__Given records__.
*** Block opens ***

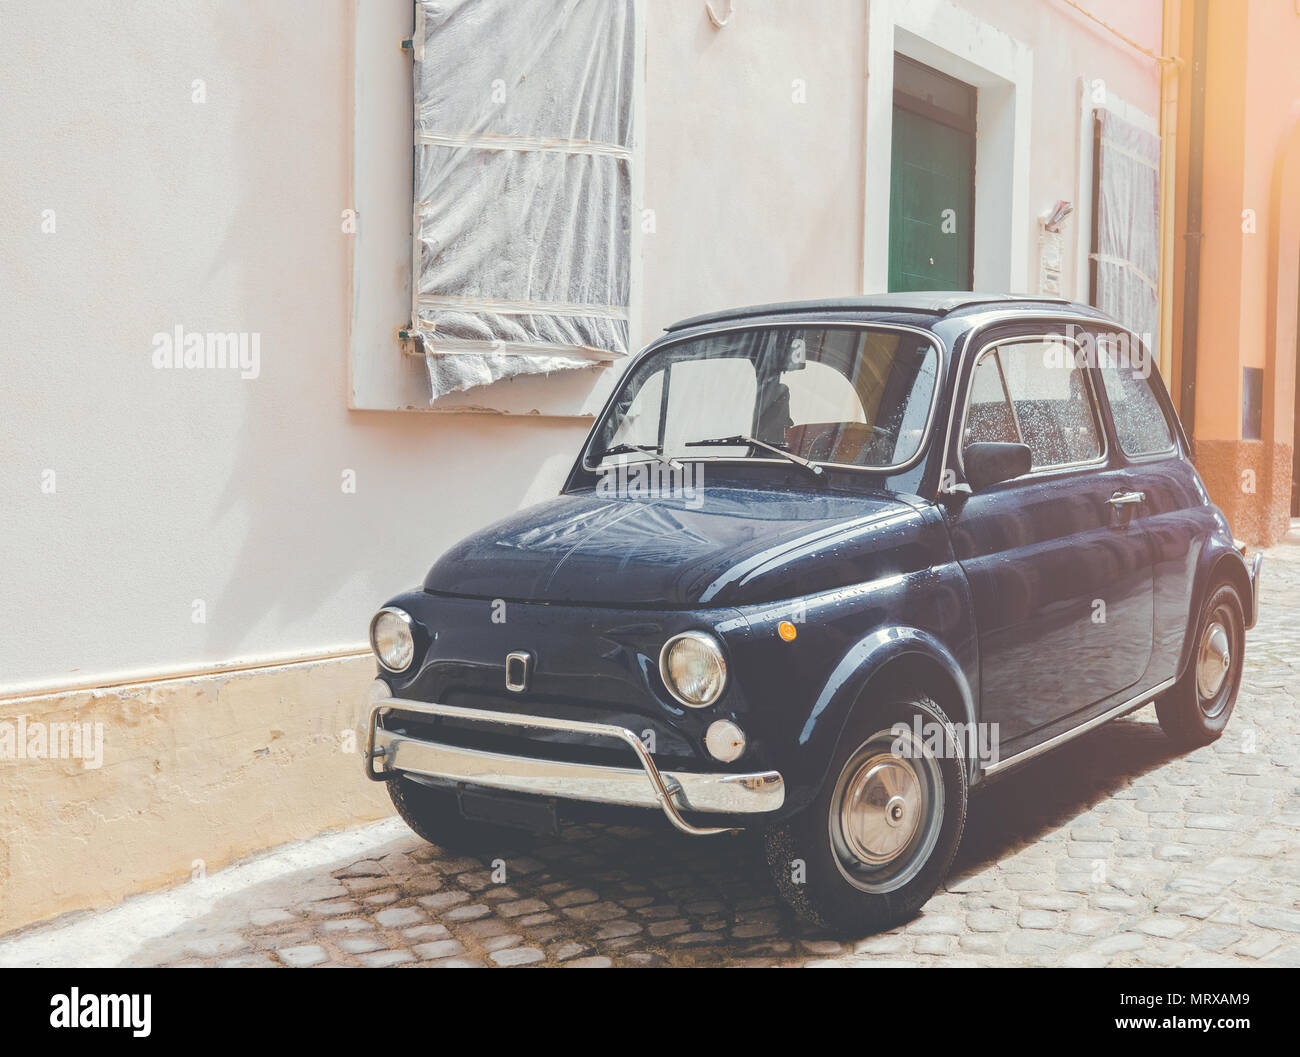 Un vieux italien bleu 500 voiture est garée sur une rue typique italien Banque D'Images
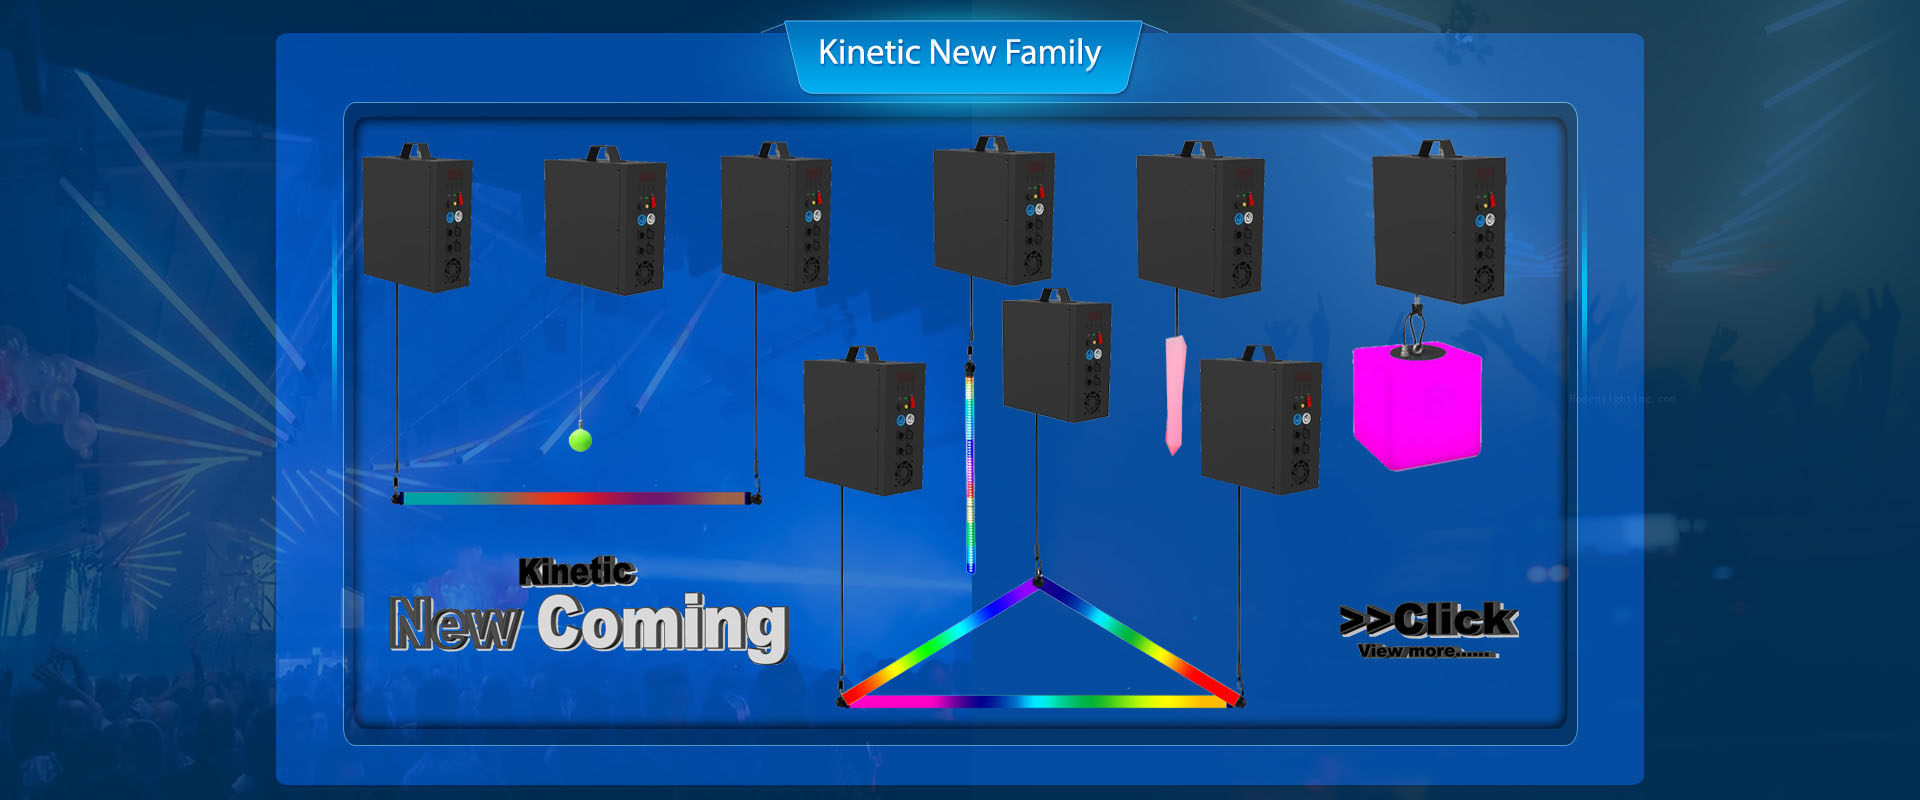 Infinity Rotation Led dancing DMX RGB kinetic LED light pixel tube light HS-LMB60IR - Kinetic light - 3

*** Block closes ***
*** Block opens ***

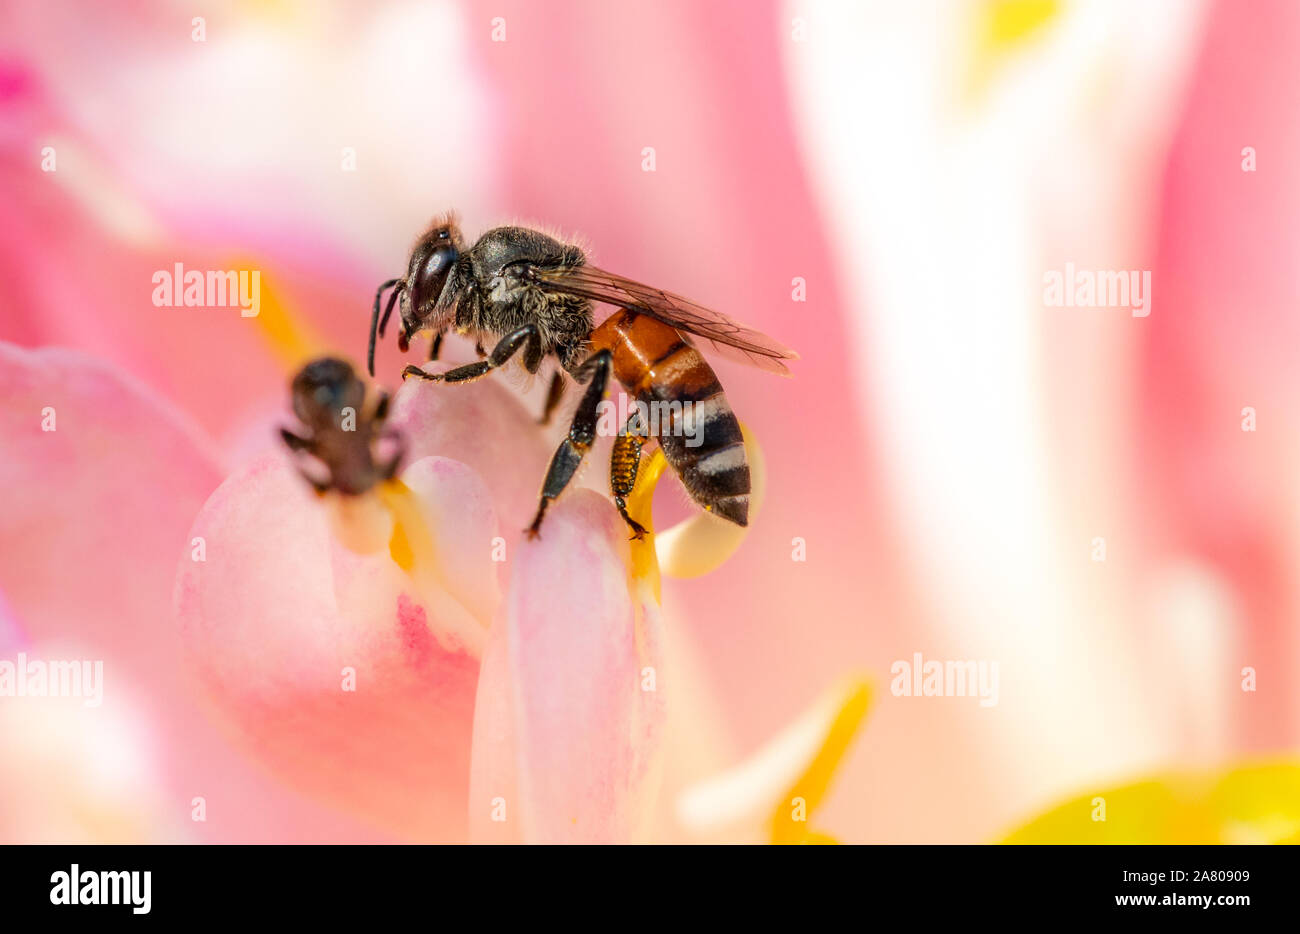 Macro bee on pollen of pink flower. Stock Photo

*** Block closes ***

__Task to carry out__. Set down exactly the lines above, from the line containing "Un vieux italien" through the line containing "Infinity Rotation Led". Skip the pictures.

__Task response__.
 Un vieux italien bleu 500 voiture est garée sur une rue typique italien Banque D'Images
 Infinity Rotation Led dancing DMX RGB kinetic LED light pixel tube light HS-LMB60IR - Kinetic light - 3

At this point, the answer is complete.